Peloton Cycle sells high-end indoor bicycles each of which comes with a 22" Android tablet. This tablet not only serves as a 1080p video screen for consuming live coaching sessions from our flagship studio in NYC but it also sends the rider’s performance data via http protocol to one of our many application servers which are running behind the reverse-proxied NGINX.
Out-of-the-box, Datadog has integrations for all of the software used in our infrastructure. We find the NGINX integration easy to set up and use. When customers are riding at home, the number of NGINX requests per second is dominated by their performance data stream. Datadog allows simple transformations of any raw metric to be output to a time-series graph or a query box as seen in the graph below.
We can get an estimate of the number of live rides by using a linear transformation of NGINX requests/s:
live rides = (nginx requests/s – background requests/s)/3.1
3.1 is the typical rate that a rider is sending requests to NGINX. Here “background requests/s” represents the requests to other applications servers; normally this number is roughly constant. While this formula served our needs for a few months, we wanted a more accurate way to extract this business metric. One problem with this metric is that the real background metric includes metrics that have nothing to do with a ride and that are subject to change. For instance, if we get a lot of traffic on our website, http requests to other app servers effects the ride count. In addition, an atypical usage pattern during the ride can cause the denominator to deviate somewhat from 3.1.
Datadog comes with a plug-in framework to monitor log files.
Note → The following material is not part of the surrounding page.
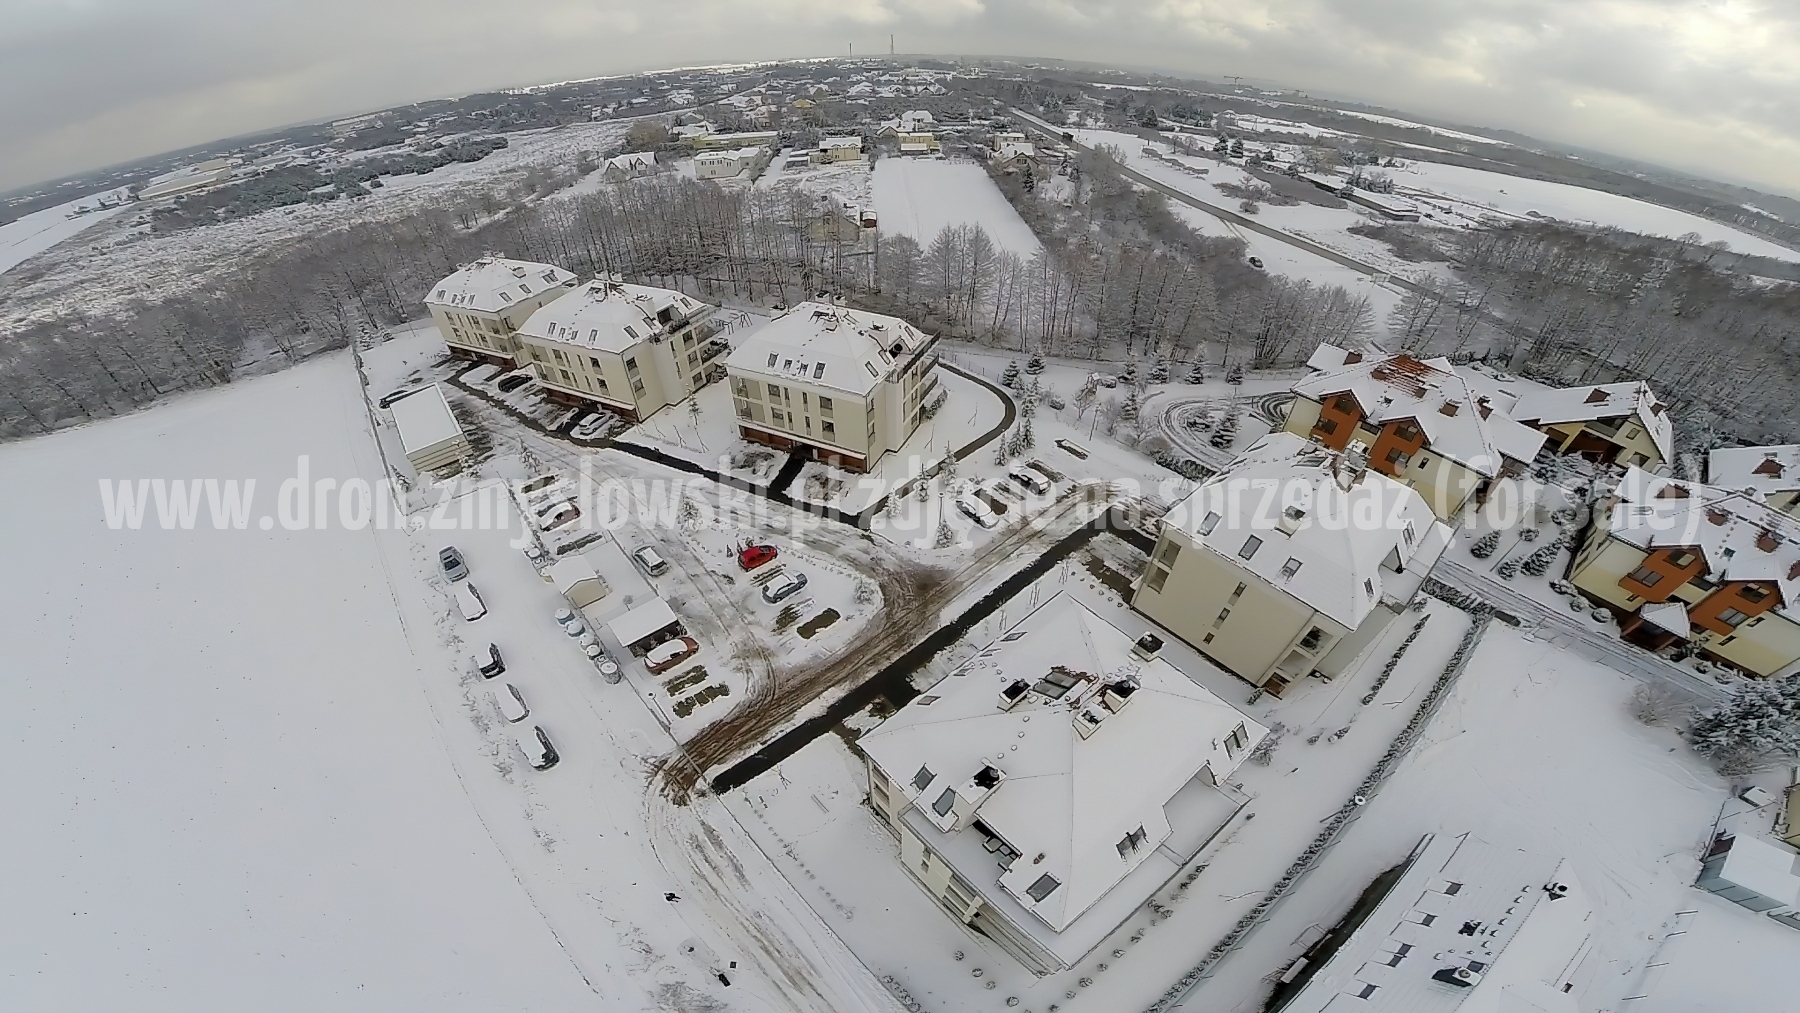 2015-02-04-dron-w-Niemczu-na-ul-Elizy-Orzeszkowej-zima-012-gigapixel-standard-width-3840px-SharpenAI-Motion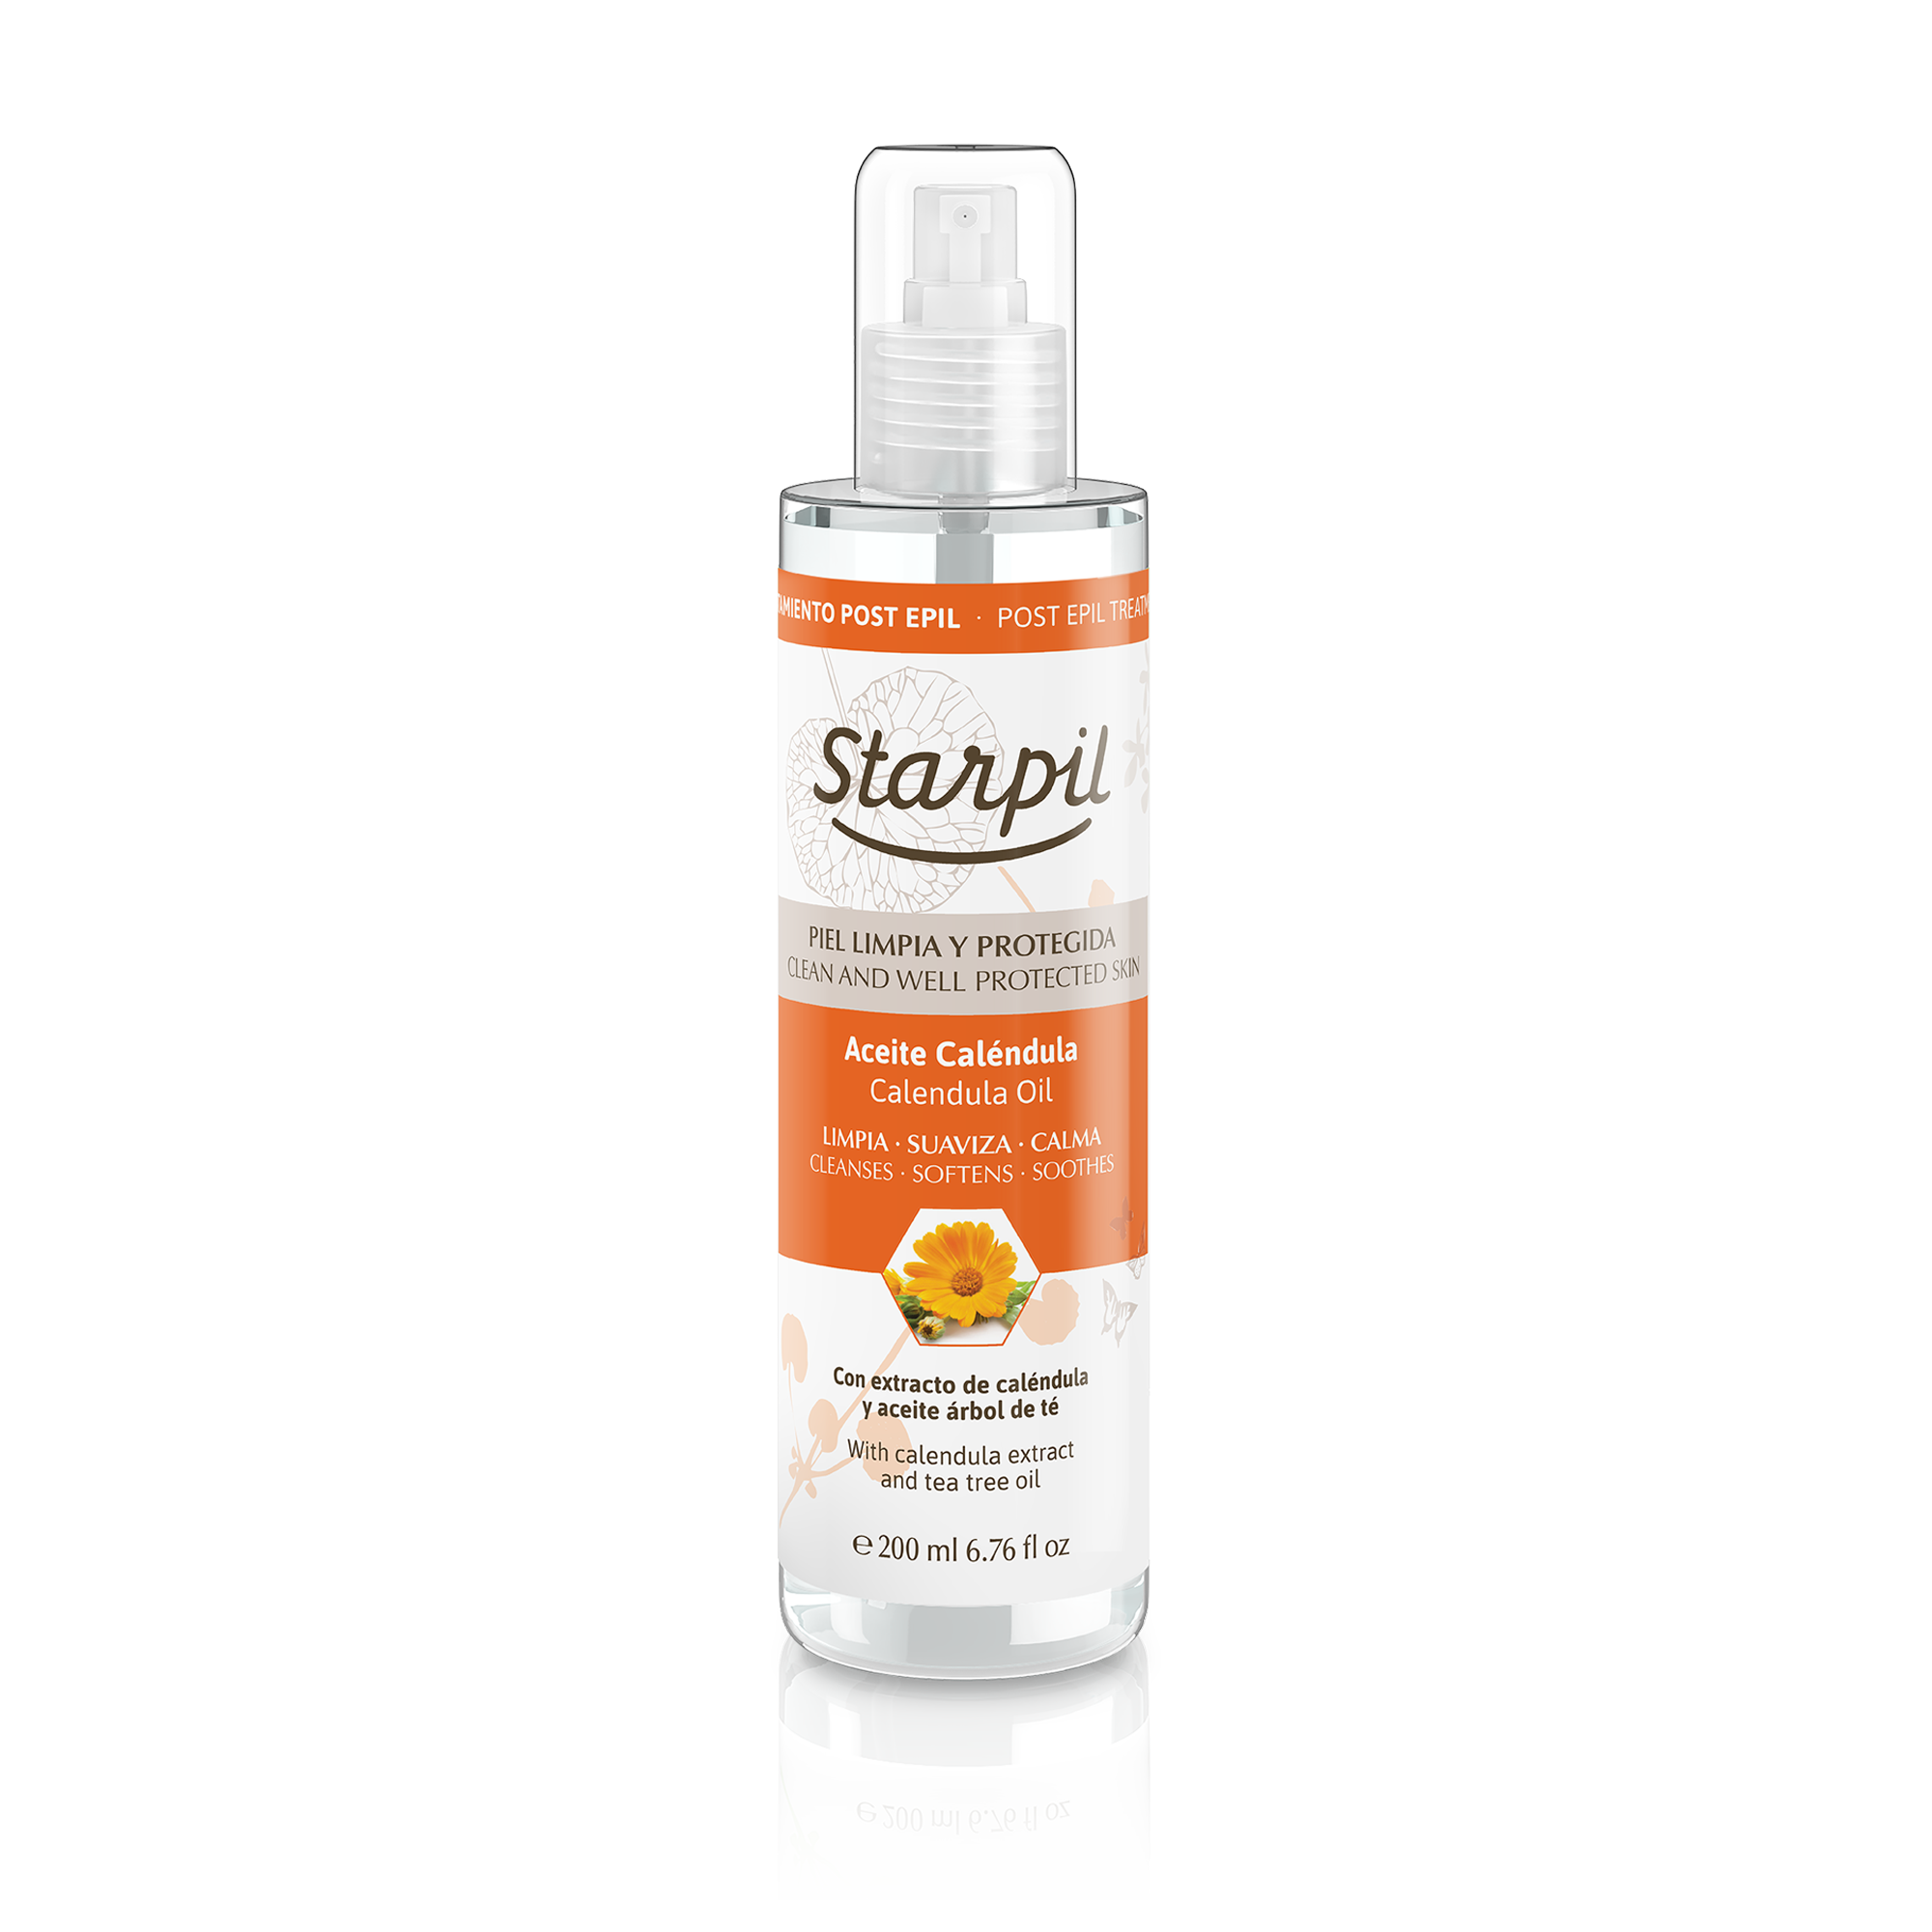 Post Wax Essential Oil – Skin Healing, Anti-Inflammatory Oil

It takes care of tailing the file and feeds the log lines almost as they come in to your own log parser written as a Python module. We have been using this system to monitor NGINX access logs because we want to know which endpoints of our API server are particularly slow. We set up alerts so our log parser reports slow endpoints in our Datadog Events Stream as seen below.
While this served our needs initially, as the number of requests to our API grew, the number of such events began to flood our Events Stream. We also felt that it was wasteful to throw away the structured data from the log parser for most of the requests since slow URLs made up only a small fraction of the total.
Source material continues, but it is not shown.